Good Philosophy --> Good Laws --> Good Lives

I want to expand a bit on my previous post, because I can't seem to emphasize enough how important philosophy is to an individual's, and a society's, quality of life.

Life, for the longest time, was depraved and miserable. Up until even the 1600's, nothing had really changed. Wars were fought for no good reason. Sometimes they were over greed, one man wanting a title to another man's lands. Other times they were over religion, insisting people pray in one way instead of another. Rebellions would break out constantly as ambitious fools sprayed their countries with blood in the hopes they could become the next King. If you read any history, the stories are all the same. Persian history, Greek history, Roman history, British history -- endless foreign wars, endless civil wars, all for petty, selfish, and meaningless reasons. The historians and philosophers of each era diligently recorded the stupidity of their fellow man and often lamented about it, but nothing was ever done to stop it.

Alongside man's insane bloodlust were so many other sins. The idea that people could be property, a mere tool for another's satisfaction. People were worked to death in mines and galleys so that others could live more leisurely. People killed each other simply for a crowd's entertainment. Women were forced to serve in harems to service their ruler's insatiable lust. All of this was somehow papered over by the rest of society, overlooked, as though they couldn't see the obvious pain and degradation they were putting fellow human beings, with souls just like theirs, through.

Alongside slavery was the use of torture. Innocent people were forced to confess to crimes they didn't do, like treason or witchcraft, via torture. All sorts of devices, all more imaginative and cruel than the last, were used on innocent women, the very people men were designed to love, cherish, and protect. How could men even think of all the various ways to hurt others? Why didn't their mind skitter away from the thoughts in horror and refuse to even imagine what were the most 'effective' ways? How could anyone steel themselves enough to use these devices on others? And for what ridiculous reasons. Not to learn of where an atomic bomb was about to go off. Not to forestall the end of the world. No. Torture was used to prove someone was a witch. Torture was used to prove someone was a traitor. As though any confessions extracted through torture prove anything. As though anything said under duress can be taken seriously.
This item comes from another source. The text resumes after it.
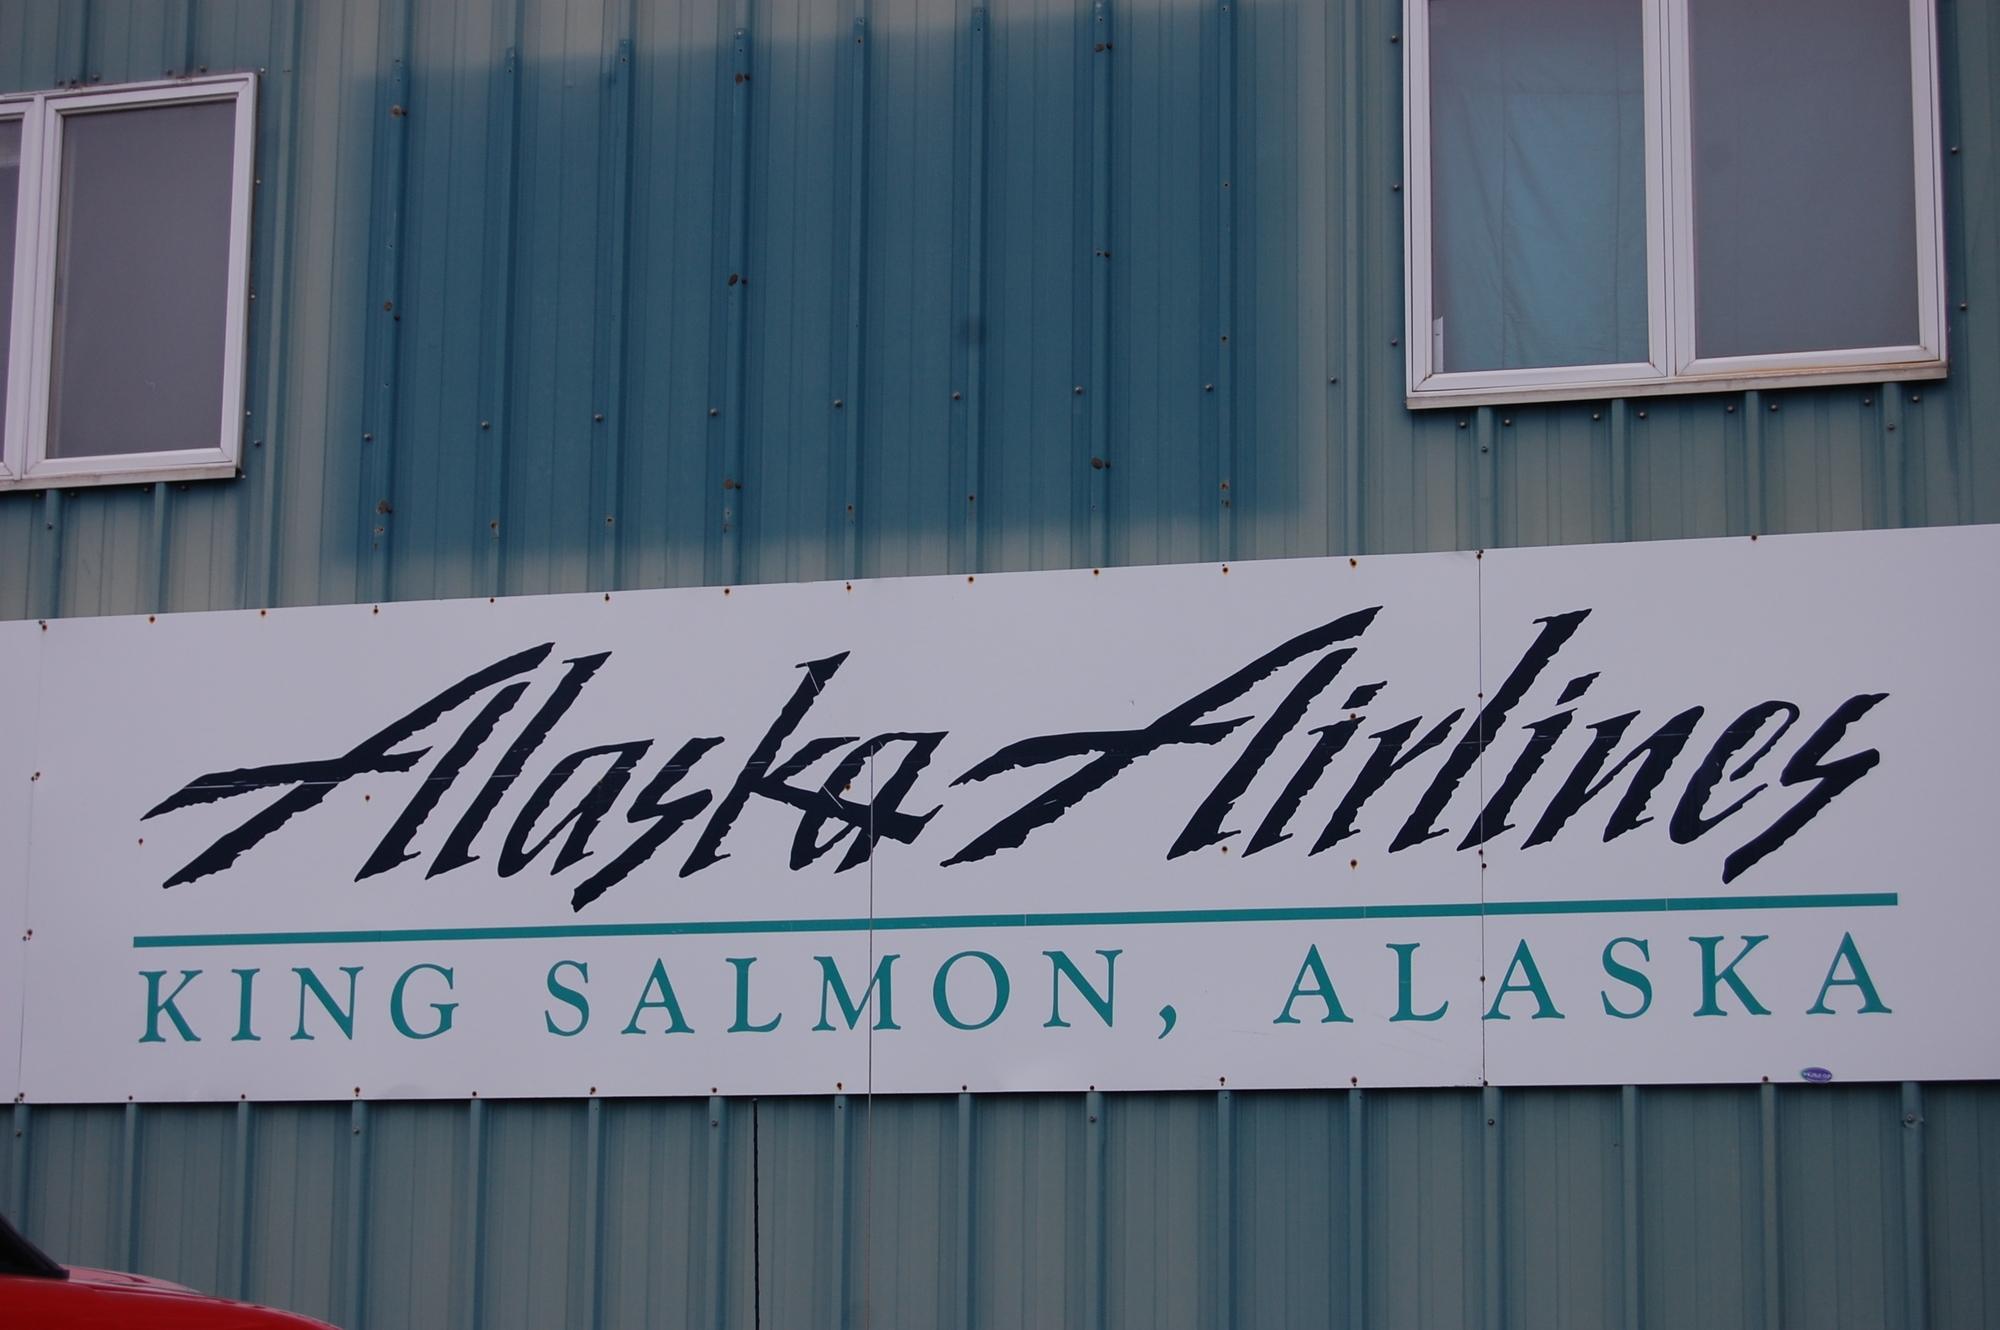 King Salmon airport (AKN)

Show trials where innocent people were arrested and executed simply for drawing a lord's suspicion, or solely for being resented by his peers -- oftentimes for being more honest and competent than they were -- were the standard. Anyone with wealth was a target of lawsuits and arrests so that his wealth could be expropriated after being found 'guilty.' Guilty mainly of having money someone else wanted. There were no laws for establishing proof. There was no way to secure witnesses, question testimony, demand evidence. There were no protections at all. Trials always had one, inevitable conclusion.

Not only the high and mighty were awash with the blood of innocents. The low and the stupid would participate in witch hunts, pogroms, and slaughters of their own. They would gleefully persecute and massacre members of different religious beliefs or different ethnicities who had never done them harm. Men were brutes who never thought twice about beating their wives. Children were forced to marry against their will. It's hard to picture the brutality of ordinary life back then. Virtually everything they did then would be considered a crime today. Virtually everything we do today would be considered a crime then.

But then something changed. Something called on mankind to better itself. Suddenly, we started caring about 'the rights of man.' We started worrying about the 'plight of the poor.' It's like people woke up for the first time in their lives. They looked around them and realized, aghast, what they had been doing. This was the Enlightenment. A movement that preceded the industrial revolution, and no doubt caused the industrial revolution. Everything in the world today we have thanks to the European Enlightenment. Our human rights, our world peace, our religious pluralism, our capitalism, our globalism, our democracies, our science, the banning of torture, domestic abuse, slavery, and our freedom to marry with our hearts. All of the science was made possible through the freedom of inquiry, a right first granted to us under the Enlightenment. For the first time it wasn't heresy, punishable by death, to actually sit and wonder why the world was the way it was and how the forces of nature operated. It wasn't heresy to cut up a cadaver and discover how the human body worked, and what was the cause of disease. Newton's laws of motion weren't heresy, Darwin's natural selection wasn't heresy, Copernicus's model of the cosmos wasn't heresy. Everyone was free to discover, free to learn, free to think for the first time since the ancient Greeks. (And even they killed Socrates for heresy -- so perhaps people were free to think for the first time EVER in Europe.)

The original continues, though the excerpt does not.